TOKYO -- Bank of Japan policymakers will weigh downgrading their inflation outlook at their meeting later this month to reflect lower crude oil prices, cuts in mobile phone fees and an expansion of free schooling.
The Japanese central bank remains committed to its current monetary easing policy, but will take into account uncertainties in the global economy and financial markets during the two-day meeting ending Jan. 23, when the BOJ releases its latest semiannual Outlook for Economic Activity and Prices report.
The BOJ is considering lowering its fiscal 2019 forecast for consumer price growth to around 1% from last October's projection of 1.4%. Policymakers are also looking at a minor downward revision to the fiscal 2020 forecast of 1.5%.

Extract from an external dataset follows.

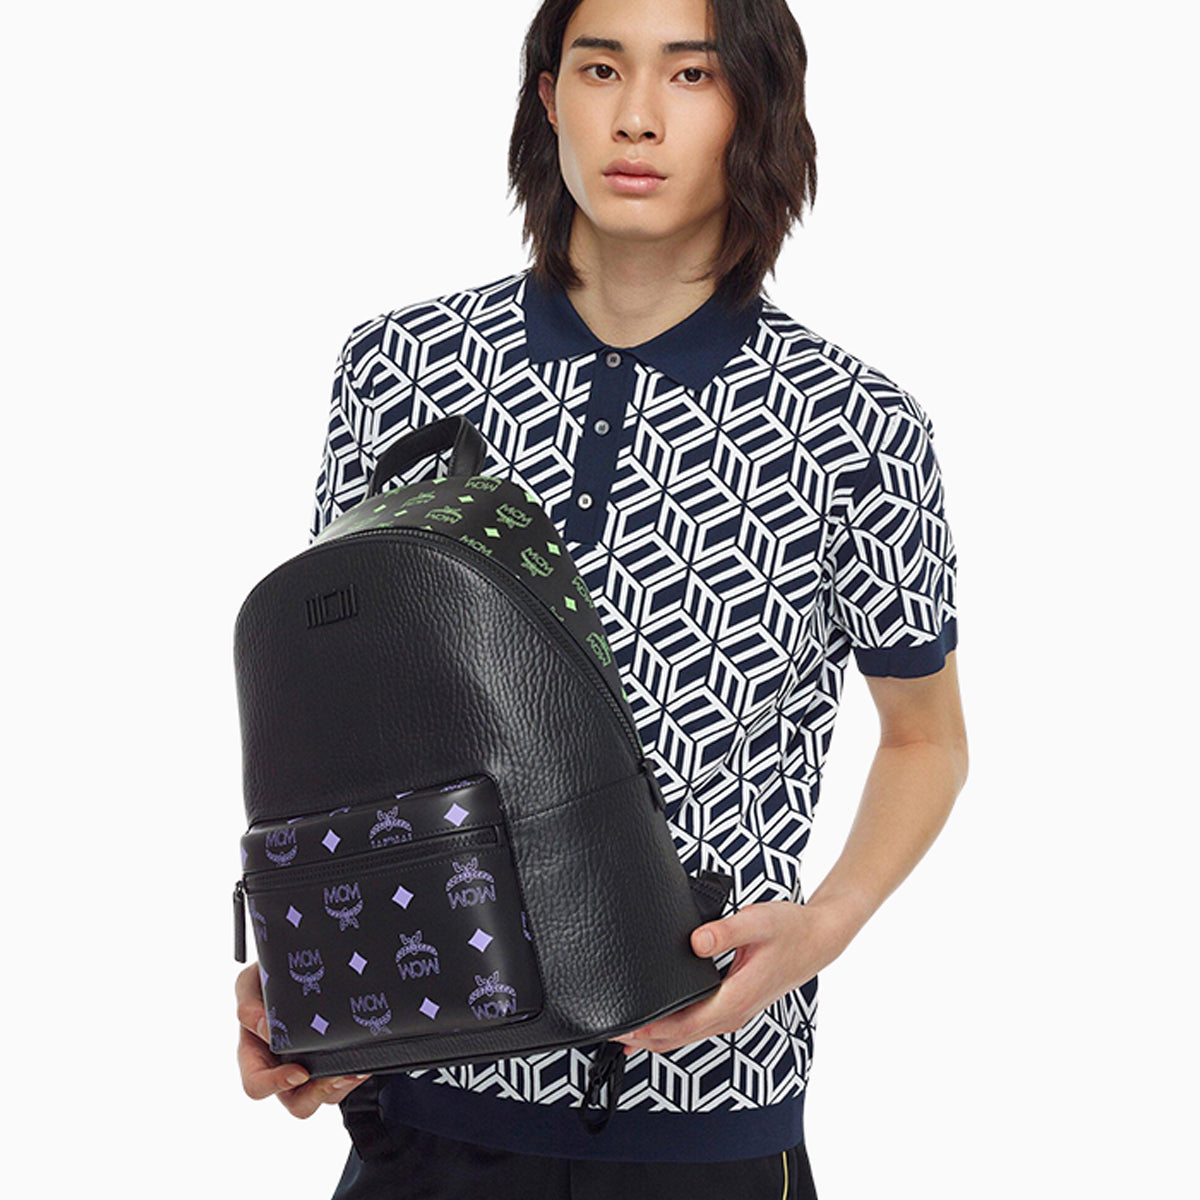 mcm-mens-stark-splash-logo-leather-backpack-mmkcssx02u6001

Last October's projections exclude the effect of a consumption tax hike planned for this October. Fiscal 2019 begins April 1.
Few within the BOJ are suggesting that additional easing measures need to be announced this month, despite the recent gyrations in financial markets.
The effects of the global oil rout, cheaper mobile plans in Japan and the government's approval of free preschool education are all expected to be transitory, with limited impact on prices after fiscal 2020. BOJ policymakers even think those factors will stimulate consumer spending by leaving households with more disposable income.
But the BOJ worries that a lower inflation outlook will dampen consumer expectations of higher prices. When oil prices crashed in fall 2014, the central bank increased its stimulus to counteract such sentiment.
BOJ Gov. Haruhiko Kuroda said then that the bank would "continue to pay close attention to trends in the expected rate of inflation."
Japan's ultraloose monetary policy has lasted for more than five years without achieving a 2% inflation goal. The lengthy fight against deflation has undercut banks' earnings and impaired the function of the bond market.
These side effects have raised concern at the BOJ, and the central bank appears to be cautious about deploying additional easing.